Personal details
- Born: Pieter Johannes de Villiers 19 June 1924 Klerksdorp, Western Transvaal South Africa
- Died: 18 May 2015 (aged 90)
- Spouse: Eleanor Johannes
- Alma mater: University of Pretoria
- Known for: Setting Boerneef poems to music

= Piet de Villiers =

South African musician and composer

Pieter Johannes de Villiers (19 June 1924 – 18 May 2015) was a South African pianist, organist and composer. His nicknames were "Prof Piet" and "Piet Vingers". He is known for setting Boerneef poems to music, teaching piano and organ, and accompanying prominent South African musicians on the piano.

== Early life ==

He was born in Klerksdorp Western Transvaal South Africa. He was the middle child of three. He had an older brother and a younger sister. His parents were Leonard de Villiers and Johanna Christina du Toit. His father Leonard was a school headmaster and played the violin.

== Education and career ==

Pieter de Villiers obtained an undergraduate degree in 1942 in Classical Languages at the University of Pretoria. In 1946 he studied under Professors Swanson, Fismer and Lubbe at Stellenbosch. He qualified as a music teacher im 1948. In 1954 he was appointed as a junior lector at the Potchefstroom University for Christian Higher Education. Beginning in 1962, he taught harpsichord, piano and organ at the University of Pretoria. He also worked at the South African Broadcasting Corporation for one year in 1962. In 1967 he accepted a professorship in music at the Potchefstroom University for Christian Higher Education. He retired from the university in 1985.
He obtained the LRAM and ARCM.

== Personal life ==

On 7 September 1960 he married Eleanor Johannes (b.25 November 1925, d.9 November 2017), the daughter of Heinrich Johannes Siegfried Johannes and Anna Margaretha Fredrika van Rooyen. She was the widow of Jean Pierre Pellissier, who was the great-grandson of Jean Pierre Pellissier. She and Pieter de Villiers had three daughters together: Anna, Hanlie and Eleanor. Their daughter Eleanor Cornelius is a professor of linguistics at the University of Johannesburg. Anna, who was the mother of murdered Stellenbosch student Hannah Cornelius, drowned in March 2018.

== Achievements ==

=== Compositions ===
He did not start composing music until he was 35 years old.
In 1961 he set to music some of the poems of Boerneef a South African poet. He followed that up with another seven versions of Boerneef poems. He also composed music to accompany a selection of poems by D. J. Opperman.

=== Accompanist ===

He accompanied South African classical musicians such as:
Ceilia Wessels, Elizabeth de la Porte known as Betsy, Joyce Barker, Sarie Lamprecht, Hanli van Niekerk, Werner Nel and Mimi Coertse. He and Mimi Coertse recorded an album in 1979 with him at the piano called "Mimi Coertse en die Afrikaanse lied".

=== Recordings ===

Pieter de Villiers was the first person to record all the psalms and hymns in the first Afrikaans Hymn Book.
Three of his performances as accompanist were broadcast on South African radio in 1962.

=== Teaching ===
He gave piano lessons to Mary-Ann Adler, a musician and author of children’s books.
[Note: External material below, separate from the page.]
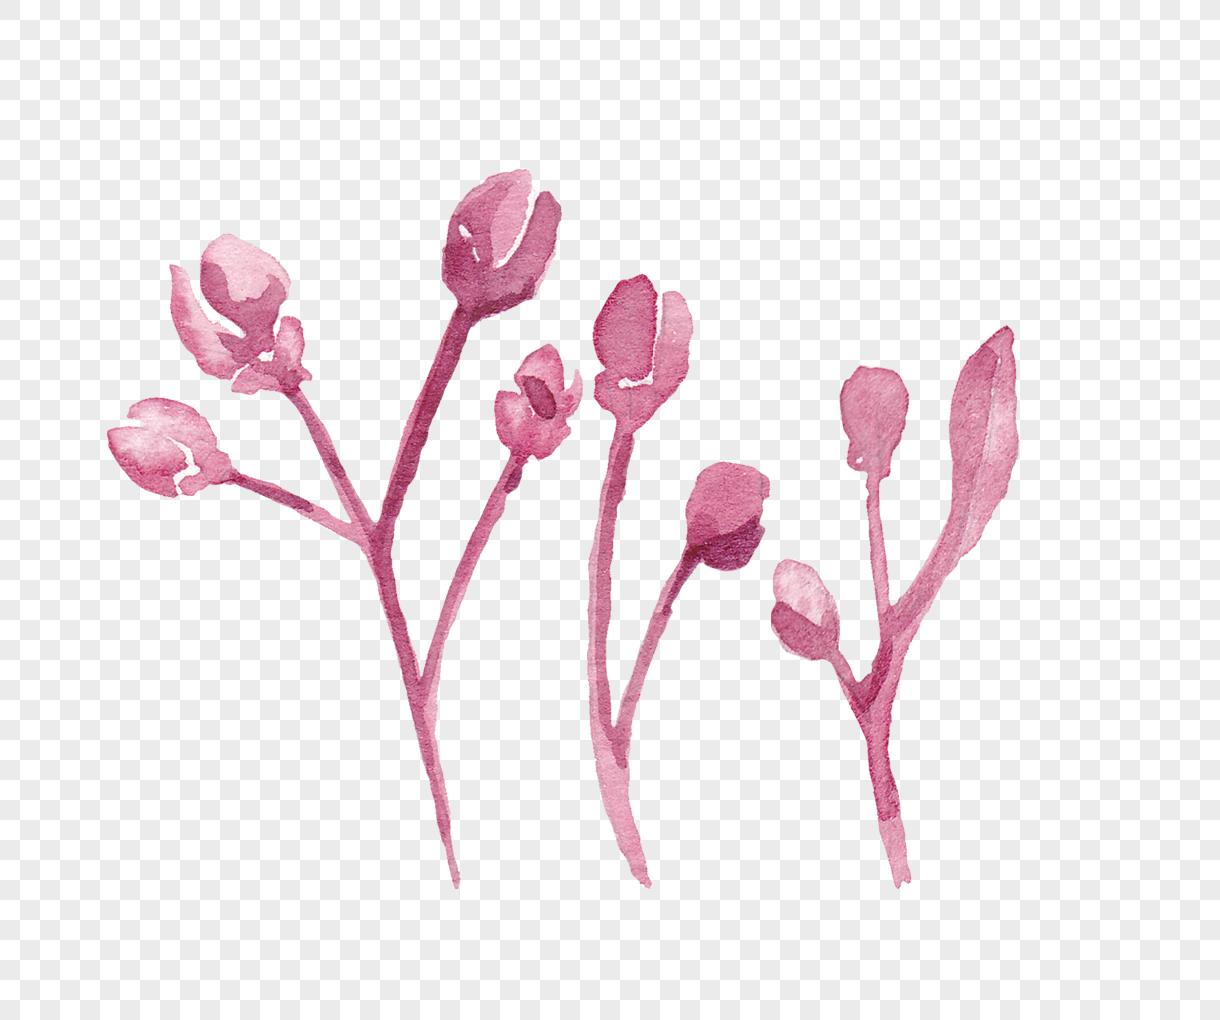 Cherry blossom peach watercolor watercolor material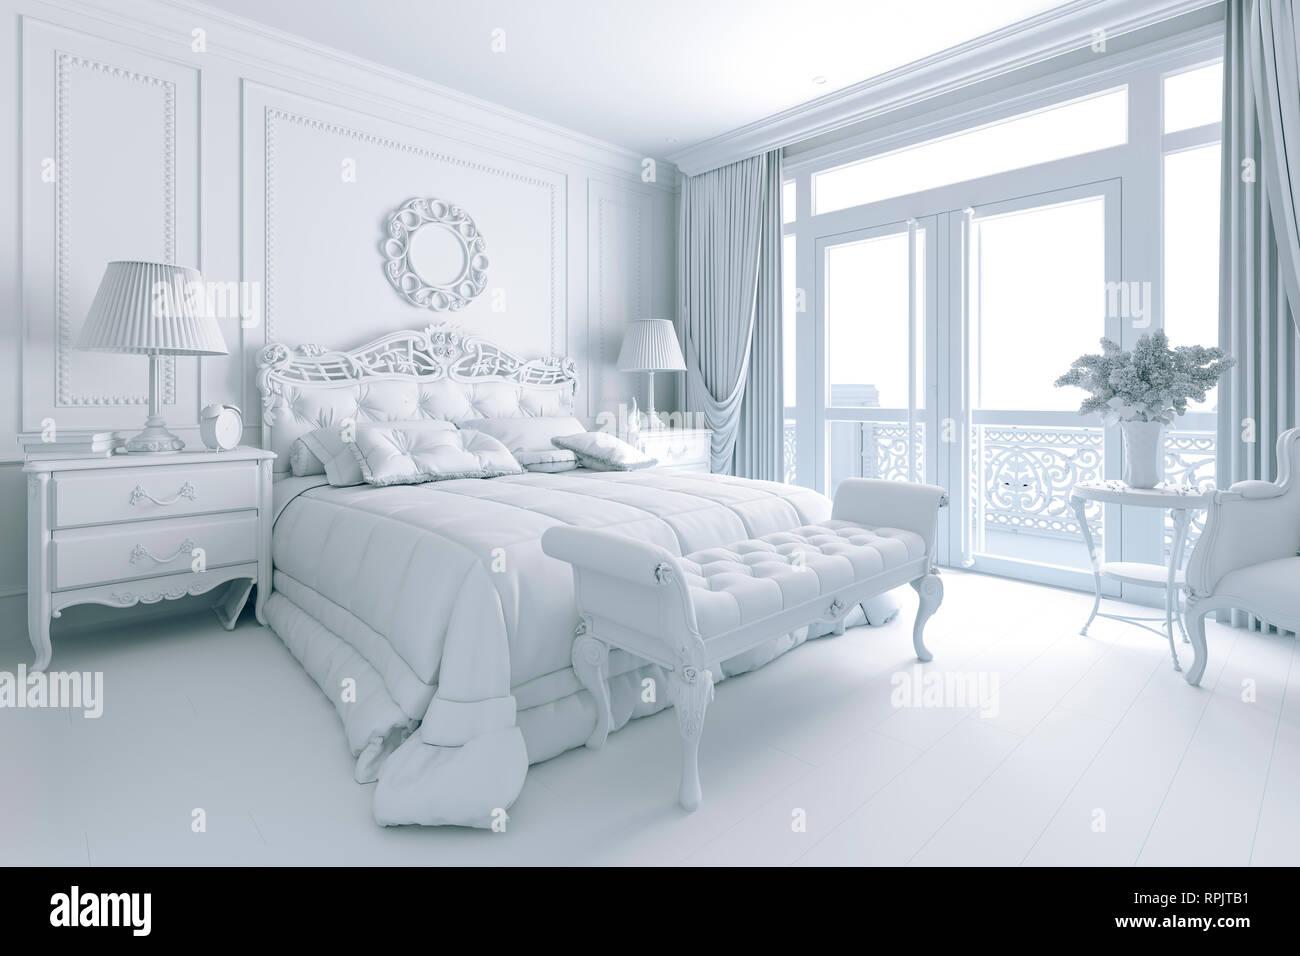 3d Render Of Beautiful Classic Bedroom Interior Stock Photo Alamy

== Awards and recognition ==

In 2002 he received a special award from the ATKV in recognition of his lasting contribution to South Africa classical music over the years.

The Odeion String Quartet at the University of the Free State gave him an award for ‘Best Achievement in Classical Music’.
The journalist Daniela Heunis of Rhodes University described him as follows, after an in-depth interview and research:" He represented South African society before the 1994 elections. He was well loved and was not a racist.
De Villiers's music forms showed such a unity with the poetry that it had the character of folk songs.
De Villiers exclusively composed music for texts in Afrikaans, which made him inaccessible to most foreigners except speakers of Dutch.
He obtained unity between music and the text by internalizing the text before composing. He then let the music be heard through the words.
When he started composing, he realized that the Afrikaans songs sung at the time were inaccessible to the man in the street, and he wanted to change that Quoting from Arthur Honegger, he said: "My inclination and my effort have always been to write music which would be comprehensible to the great massive listeners and at the same time sufficiently free of banality to interest genuine music lovers”.
His outlook was to be honest with oneself. He said “one can only compose what one is, otherwise it will be fictitious.' This also contributed to his selection of the texts he used.
Before he began composing, he would recite the poem to himself, to find the rhythm of the words and the main stresses in the verse. He then acquainted himself with the vowel sounds.
He tried to understand the purpose and meaning of the words in the music.
He is recognized as having composed songs with character. The text with the singable melodies of his songs made them cultural possessions. An example is his settings of the Boerneef poems "Aandblom is 'n witblom", "Doer boe teen die rant", etc.

== Death ==

He died at his home in Stellenbosch on 18 May 2015.